We tried number one daughter in the seat between us and fared no better. First we had to compromise on having only three of her seventeen Barbie dolls with us in the front seat. Next we had her complaints to put up with. She is an avid reader and kept up a constant moan about the bends and corners in the road which disturbed her concentration. Add to that her unhappy sobs or cries of joy depending on what she was reading and she too was soon banished to the back seat.
Next came number two daughter. She sat between us, mercifully silent and still. Unfortunately she was also a very poor traveller and soon turned an interesting shade of pale green. So she was duly installed in the back seat beside an open window, much to the annoyance of her brothers and sister. From there she could control the duration of every car trip, as her ability to throw up over, at worst a sibling and at best a parent as well, meant that our car trips were of necessity very brief. It is interesting to note that said daughter now has a car of her own in which she travels the country with all the flair and panache of a rally driver and with no consideration at all for the aged parent having a coronary in the seat beside her. I look forward to the day she has children of her own and hope they will be just as good at travelling as she was!
We were then forced to try son number two in the front seat. We didn’t make this decision lightly as without his cheerful presence in the middle of the back seat nothing short of brick walls topped with armed guards could prevent the inevitable mayhem in the back as the remaining children tried to tear each other apart.
Number two son is an avid bird watcher and is keenly interested in the way the world works. (He was once keenly interested in his brother’s calculator, something for which number one son will never forgive him, even though we told him it had gone to silicon heaven.)

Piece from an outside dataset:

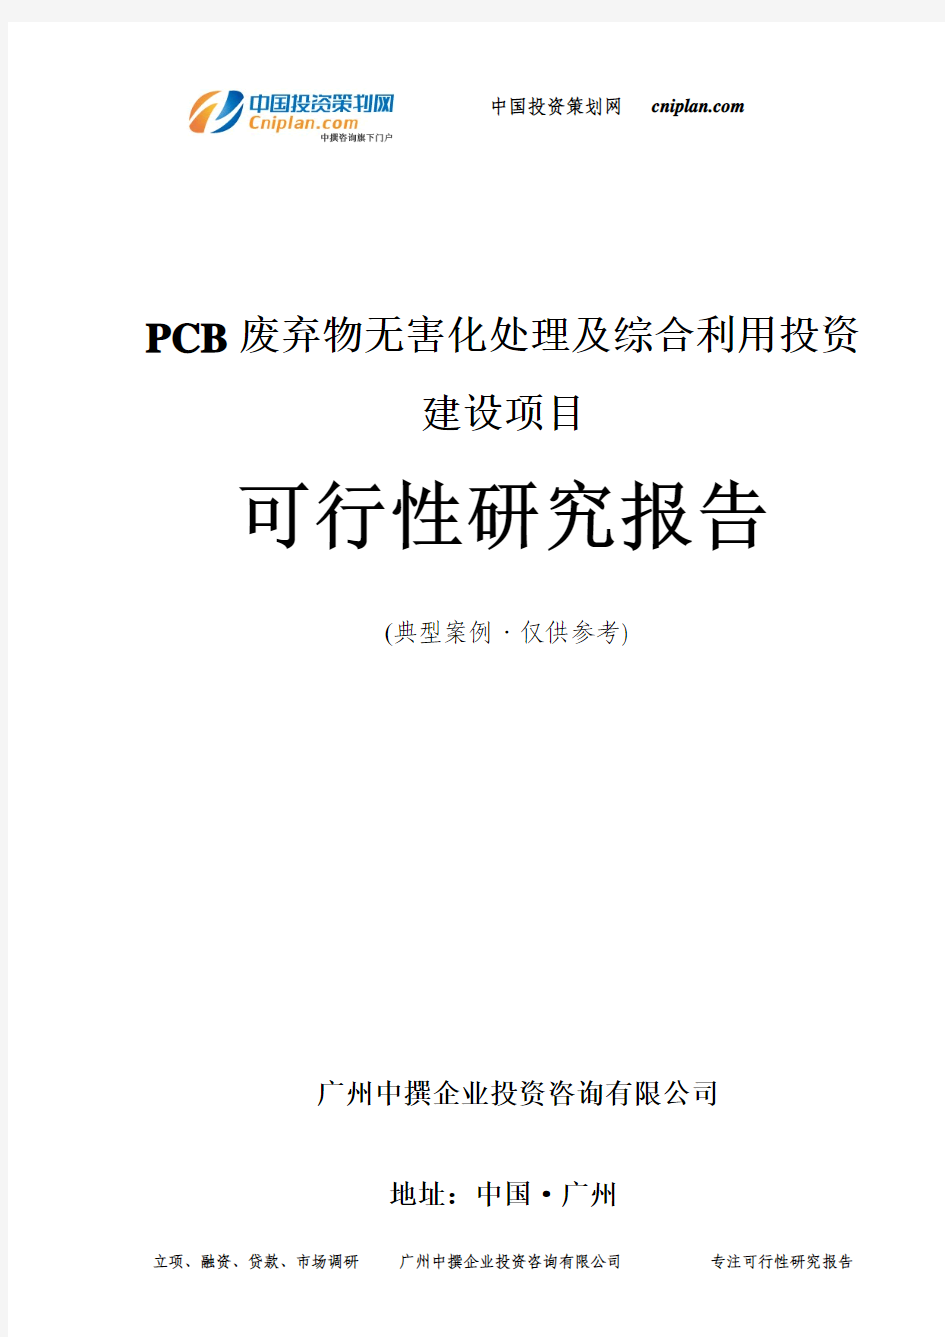 PCB废弃物无害化处理及综合利用投资建设项目可行性研究报告-广州中撰咨询

You would be astonished at how many questions one small boy can ask before giving his parents up in disgust as ignorant and unco-operative. In our own defence, by that time we were having the sort of conversation involving shouting at the back seat passengers and trying to prevent actual bloodshed.
Number two son decided that his fingers were machine guns and he would shoot every bird he could see with loud ‘ack ack’ noises. I had never noticed before that time how many birds could be seen in the New Zealand landscape. Nothing from sparrows to shags escaped his keen eyes until finally in exhaustion we tossed him into the back seat and it was number one son’s turn again.
After these traumatic experiences we felt that travel as such held no charms for us and instead of exploring the world we decided the world would have to come to us. To broaden our children’s understanding of the world and other cultures we joined a scheme whereby we would host young people from other countries as farm helpers and they would work on the farm for a few hours each day for us in return. This decision was also motivated by finance as kiwifruit returns were going through a low patch and mortgage rates a correspondingly high patch, so the thought of free labour was a huge incentive. Those helpers who wished to work for longer were paid at the going rates provided they had a work permit.
Shelly and Lynette, two very sweet but naïve Canadian sisters, were the first of the farm helpers we took into our family. They were in their early twenties and had completed their university degrees and decided to spend a year exploring New Zealand and Australia. This, we were to find, was a common pattern with the people who came to stay with us. This meant we were getting bright motivated people who after years of academic study liked nothing better than to do some hard physical work for a change.